With Schools Deemed Low-Risk for Covid, One State Urges a Return to Hybrid Learning

About 60,000 students have participated in some in-person learning in Delaware since the start of the school year. Less than 600 have tested positive for Covid-19.

About 60,000 students have participated in some in-person learning in Delaware since the start of the school year. Less than 600 have tested positive for Covid-19. Shutterstock

 

Connecting state and local government leaders

Delaware Gov. John Carney asked schools to resume at least some in-person instruction by Monday, saying that state health data showed that schools have not been significant sources of infection.

Officials in Delaware are urging schools to return to a blend of virtual and in-person learning by Monday following a four-week “pause” where educators were permitted to shift to entirely remote classes.

“As we have said many times, we do not believe there is a public health reason to close schools,” Gov. John Carney, a Democrat, said in a letter sent Tuesday to parents and school employees. “We have spent the past four weeks helping schools try to address the operational challenges they are experiencing. And we can all agree that students learn best when they’re in school.”

During the break, educators and administrators told state officials that they needed “more transparent and reliable communication about the conditions in their schools” to feel safe returning to in-person instruction.

In response, Carney said, officials reassessed privacy laws and then “dramatically expanded” the school-based Covid-19 data available on the state’s tracking dashboard. Updates include the number of coronavirus cases by school district and the rate of contagious cases in schools each week, defined as students or employees who were in school buildings within 48 hours before testing positive for Covid-19.

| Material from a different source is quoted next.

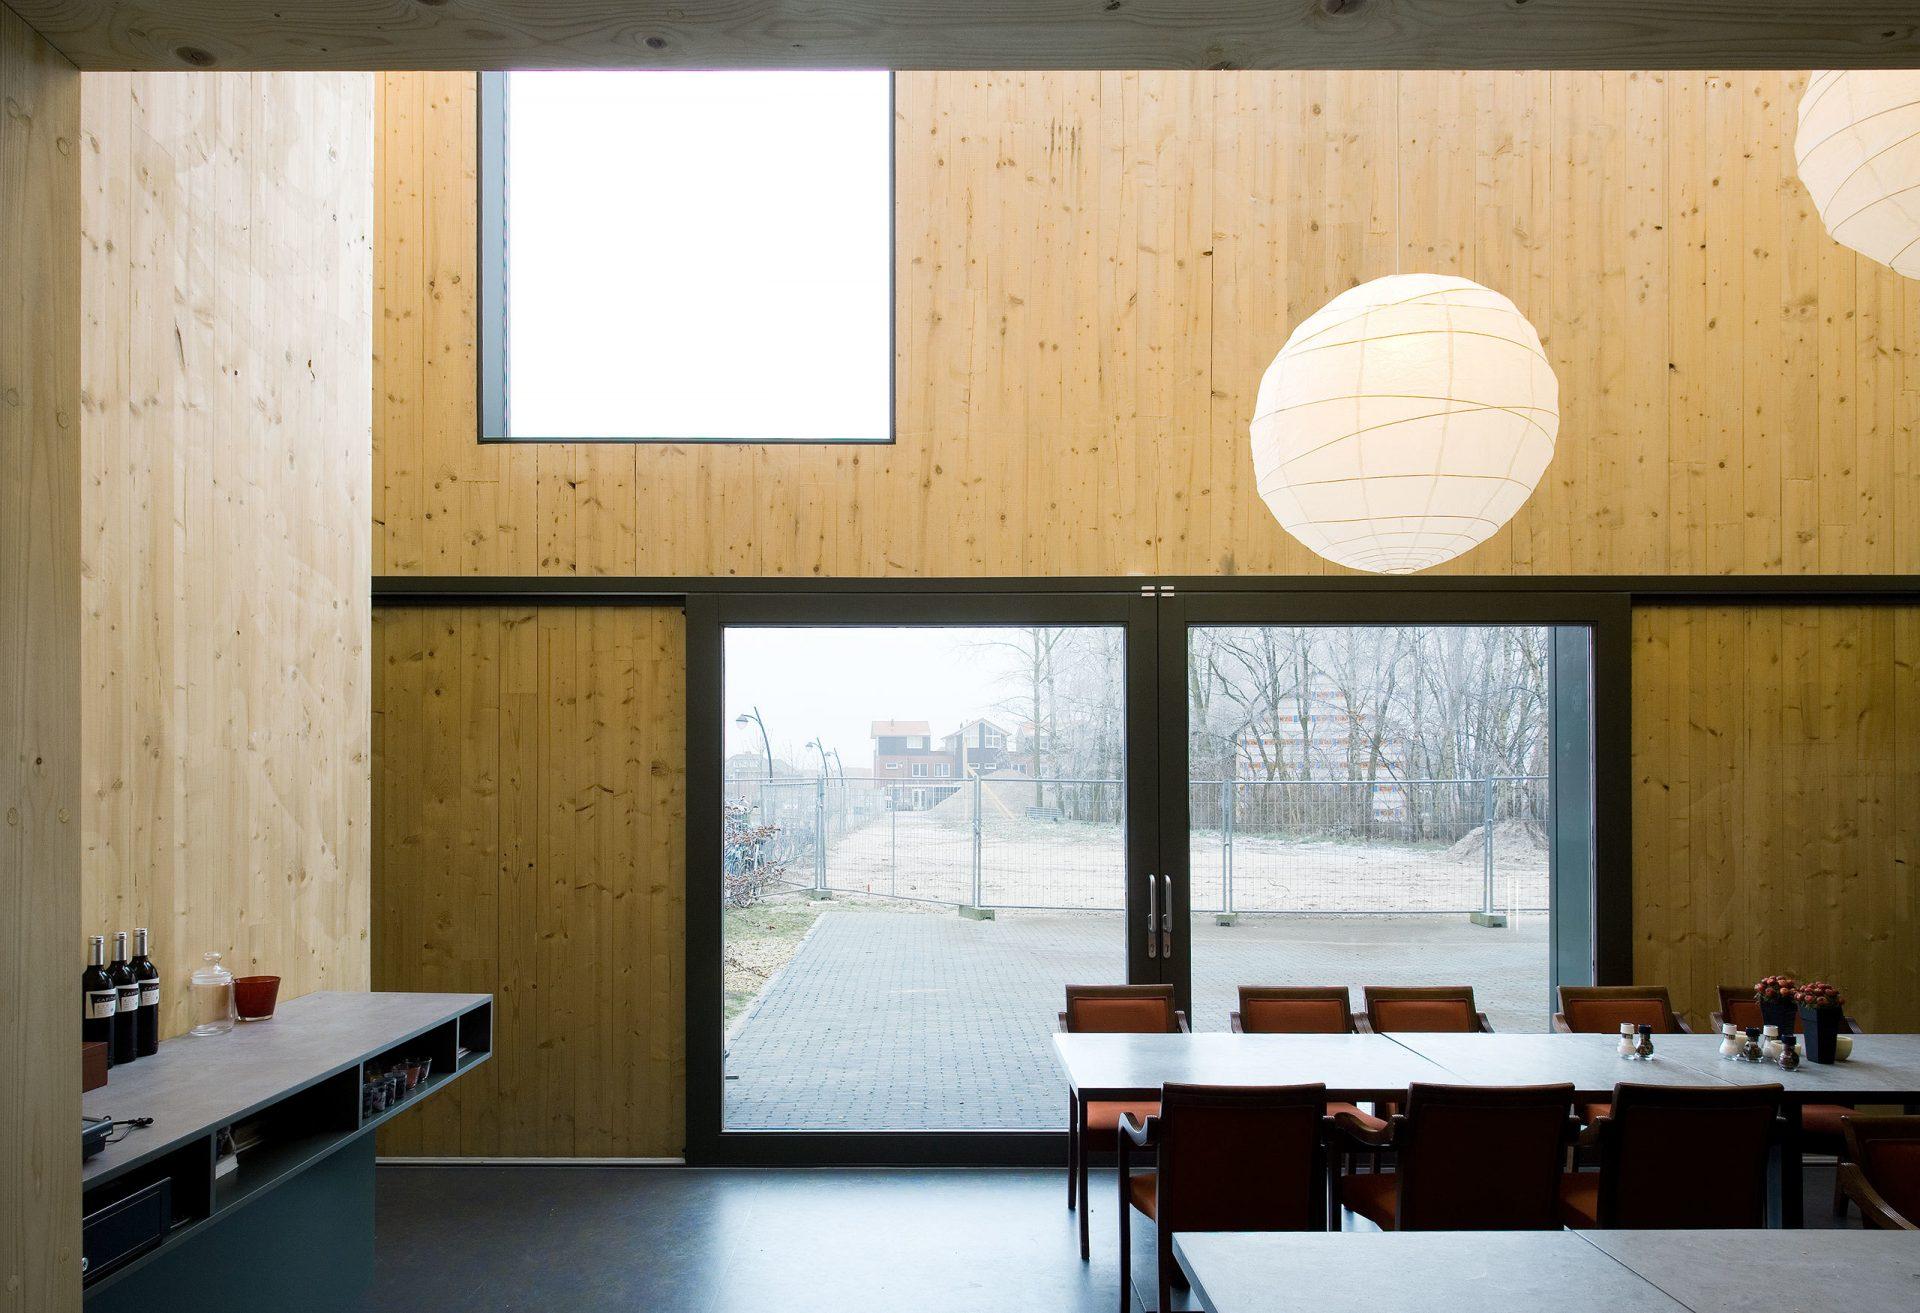 Kamers Cafeteria

Schools in the state have been required to report positive Covid-19 cases to students and their families since the beginning of the school year, but until now the Division of Public Health had only released state-level data. The new dashboard enhances that by drilling down to school districts, but not to individual schools, a level of specificity that officials said is still precluded by privacy laws. The data will be updated weekly, Carney said.

Since the beginning of the school year, roughly 60,000 students in Delaware have participated in some form of in-person learning. The state's data shows that 579 students and 546 teachers have tested positive for Covid-19 in that timeframe. From Dec. 26 to Jan. 1, 16 students and 17 staff members were contagious while at school, according to the dashboard, which notes that “the source of infection of these cases cannot be attributed to schools, nor is it known that they are the source of infection to others in schools.” 

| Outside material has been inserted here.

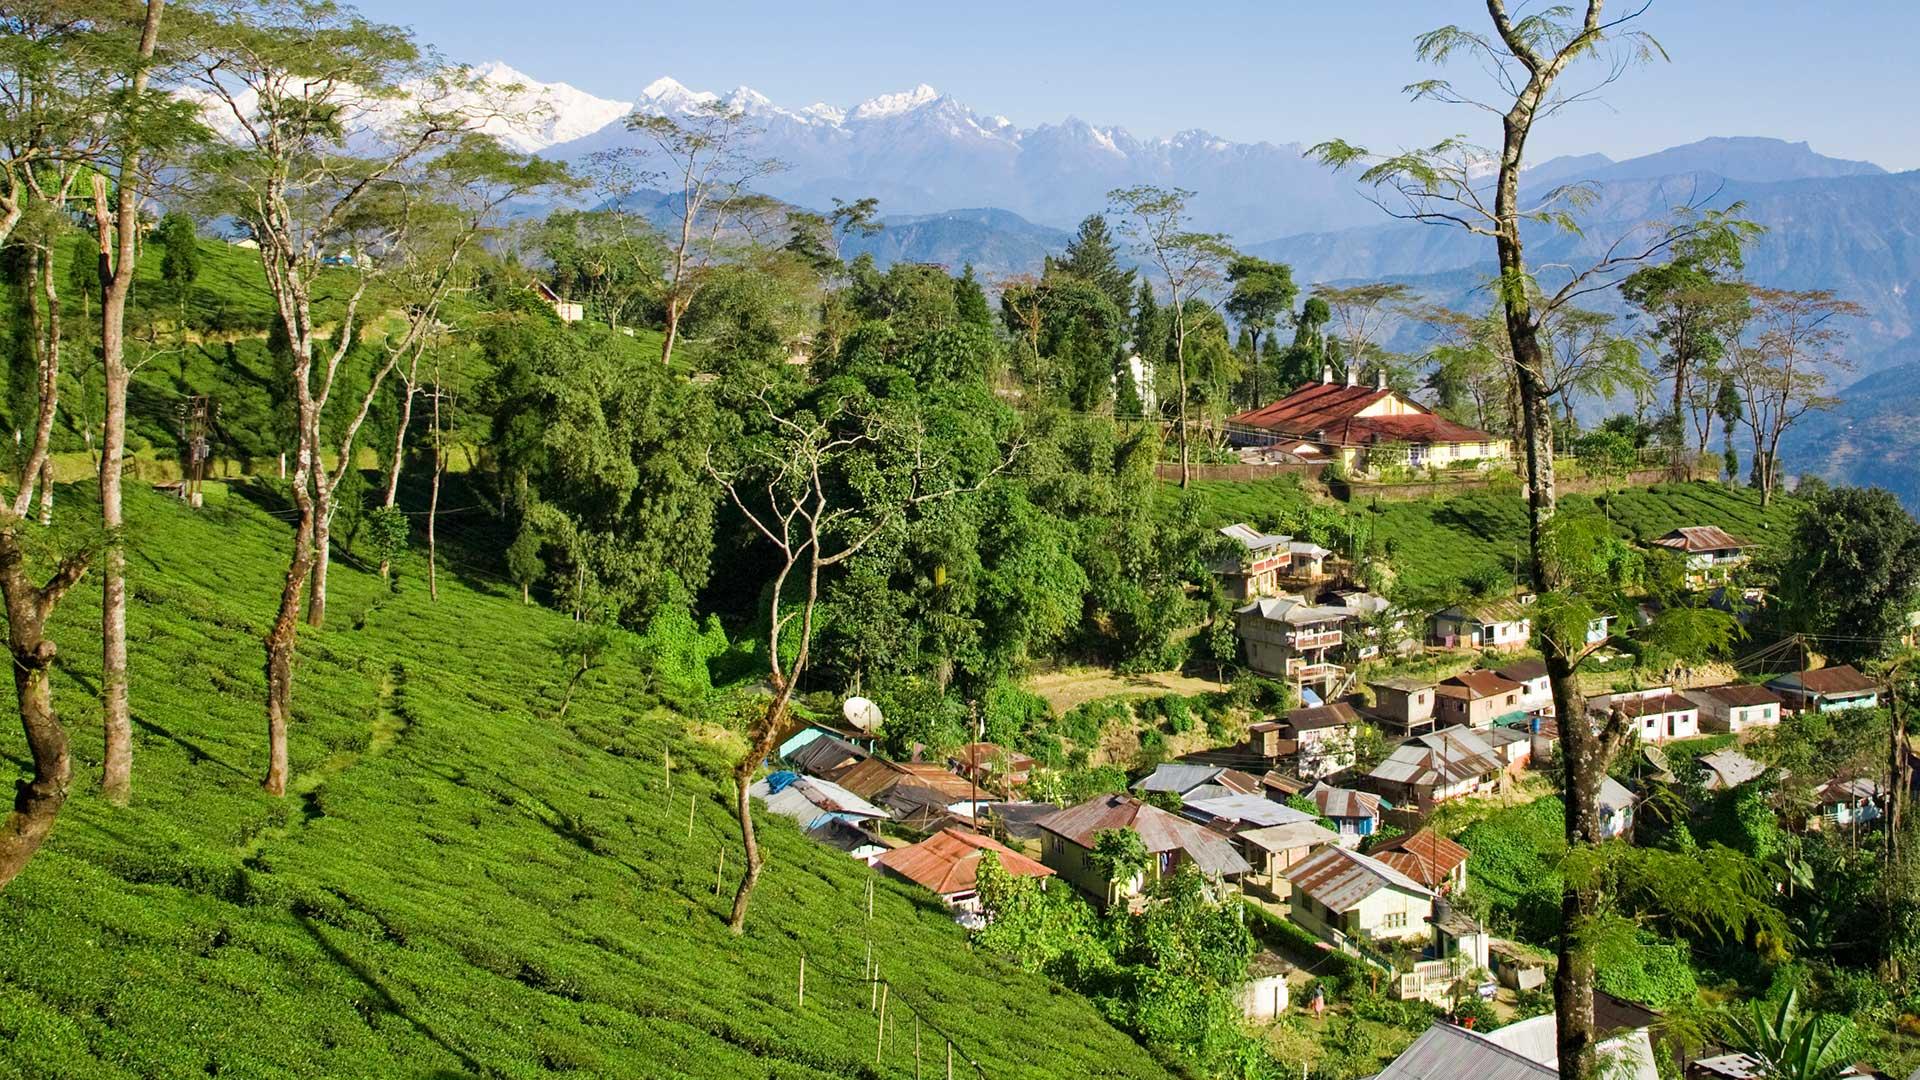 A tea estate in Darjeeling, India

Data from state epidemiologists “shows that the vast majority of cases affecting students and staff originated outside of the school building,” Carney said. “The few cases thought to result from in-school spread are frequently observed to be in settings where mask-wearing was not consistently practiced.”

In general, schools have not been found to contribute greatly to community spread of Covid-19. A federal study of schools in Mississippi concluded that lack of consistent mask use and “gatherings with persons outside the household” were the greatest drivers of infection among minors, while “attending school or child care was not associated” with testing positive for the virus. 

“In Delaware, our epidemiologists have seen the same thing,” Carney wrote. “It’s a testament to the hard work of students, educators and staff that the number of Covid-positive students and staff is so low.”

Carney’s letter outlined three options for school districts, including a total return to hybrid learning (his preference), keeping high schools remote while shifting elementary and middle schools to a hybrid model, or moving only high-risk students—including kids with special needs, English learners and low-income pupils—to hybrid instruction while keeping everyone else remote. 

Those options are only recommendations, meaning final control remains at the local level. In a statement, the head of Delaware’s largest teachers’ union encouraged school leaders to consider the wide-ranging effects of community spread on in-person learning when making those decisions.

“With infection rates increasing we have seen how the rate of teachers needing to quarantine and the lack of substitutes is affecting in-person learning. We do not believe that environment better serves our students than a consistent remote instruction would,” said Stephanie Ingram, president of the Delaware State Education Association.

“We are asking school boards and superintendents to take a hard look at the spread in their communities, carefully consider future operational challenges, and work closely and collaboratively with their local unions before determining if bringing students back into school buildings is the best choice for their district," Ingram added. "If there is doubt, we ask that schools remain in the remote setting for the safety of staff and students.”